From the drone, whale, ice, and bear lined up in a clear record of predator and prey sharing one patch of pack ice. This ice hunting carnivore is an apex predator, the main hunter in the food chain.
Most of the time, polar bears hunt seals from sea ice, floating frozen ocean water that forms a seasonal hunting platform.
They wait near holes or cracks, pounce when a seal surfaces, and turn that blubber into fat stores that carry them through winter.
Studies of whale carcasses suggest that a single whale can hold as many calories as a thousand seals, enough to feed bears for months.
Yet Laidre and colleagues argue that carcasses can only cushion some polar bears from sea ice loss and cannot replace regular seal hunting.
In past warm ages of Earth, long before people built northern cities, polar bears still had to find energy when ice retreated.
The team examined how whale carcasses ashore during an interglacial period, an interval between ice ages, keep bears fed when seal hunting became harder.
Before industrial whaling, there were many more large whales in the Arctic Ocean, which meant more bodies that could strand or drift into shallows.
In that Arctic, bears moved from one carcass to another over seasons, storing fat when they found meat and fasting as it disappeared.
Today, however, polar bears face a very different Arctic with fewer large whales, busier shipping lanes, and far less predictable ice.

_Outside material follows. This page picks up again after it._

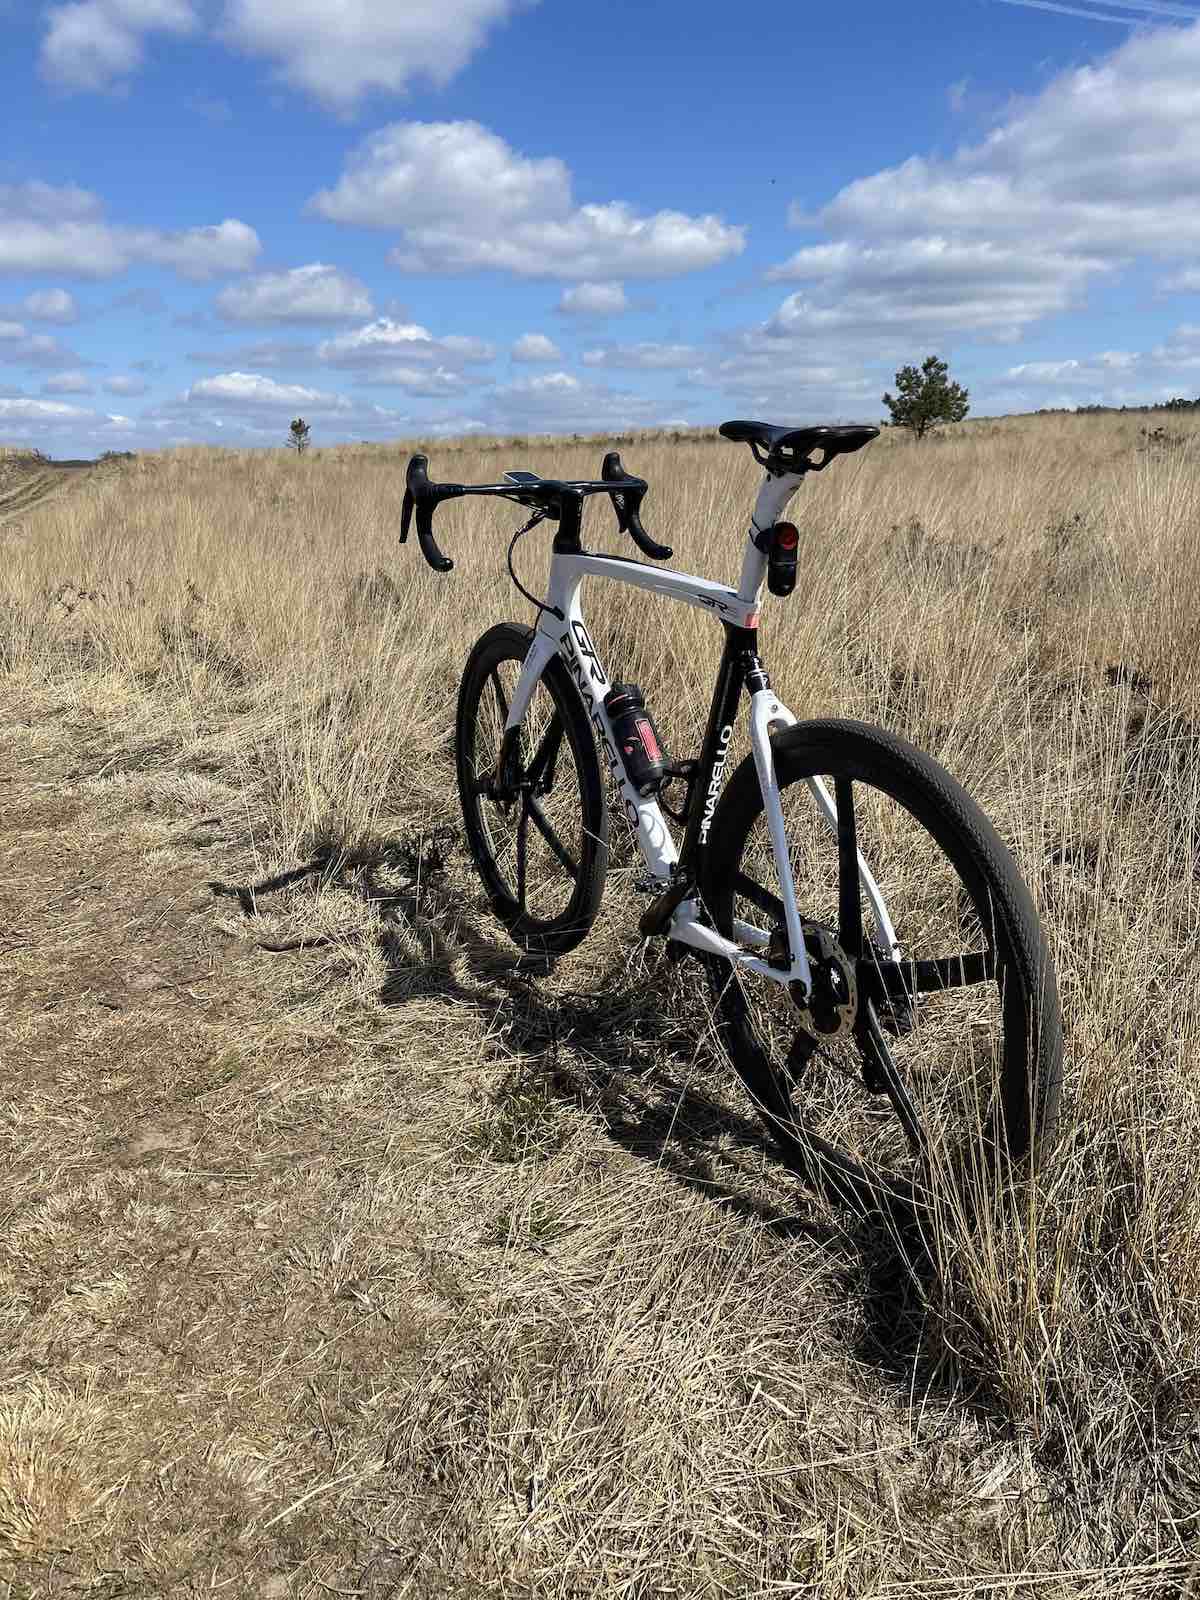 bikerumor pic of the day a pinarello bicycle is on a gravel path amidst golden grassy field with a blue sky dotted with fluffy white clouds in the Loenermark on the dutch veluwe.

That reality is why researchers warn that scavenging moments like the Svalbard sperm whale will not, by themselves, rescue polar bear populations from warming.
Even so, a stranded whale can still mean survival for a few individual bears in a bad year. For a female or young bear that stumbles onto a prize, the fat in that carcass can spell the difference between breeding and skipping.
Sea ice is shrinking and thinning across the Arctic, leaving polar bears less time to hunt seals before they must fast on land.
In one modeling analysis, researchers projected that some regions could lose more than half of their best summer hunting habitat by the end.
Over decades, the United States Geological Survey, a federal science agency that monitors wildlife and landscapes, has tracked polar bear movements, body condition, and survival across Alaskan waters.
This long running research shows that bears are spending more time swimming, traveling farther between floes, and fasting longer as seasonal ice retreats.
On land, some bears turn to eggs, berries, or mammals, but these foods do not match the energy stored in seal or whale fat. As fasting seasons lengthen, even extra meals from carcasses are unlikely to balance the calories lost when prime sea ice vanishes earlier each year.
For scientists, the message is that protecting polar bears means slowing the loss of sea ice, not simply hoping for more whale falls.
Without cuts to greenhouse gas emissions, many models suggest that bear populations could shrink within the lifetimes of those learning about this story today.
Galitz has visited the Arctic many times, but his guests were new to the ice, and he later explained that they did not fully realize how unusually lucky they were to witness such a moment.
He said the scene revealed the scale of the environment in a way that surprised even him, since he had expected something impressive but not to that extent.
After he shared the photographs online, he said some viewers accused him of using artificial intelligence to fabricate the event, which he described as a growing problem in recent years.
He also stressed that Arctic wildlife is unpredictable and fragile, noting that a scene visible one day may be gone the next.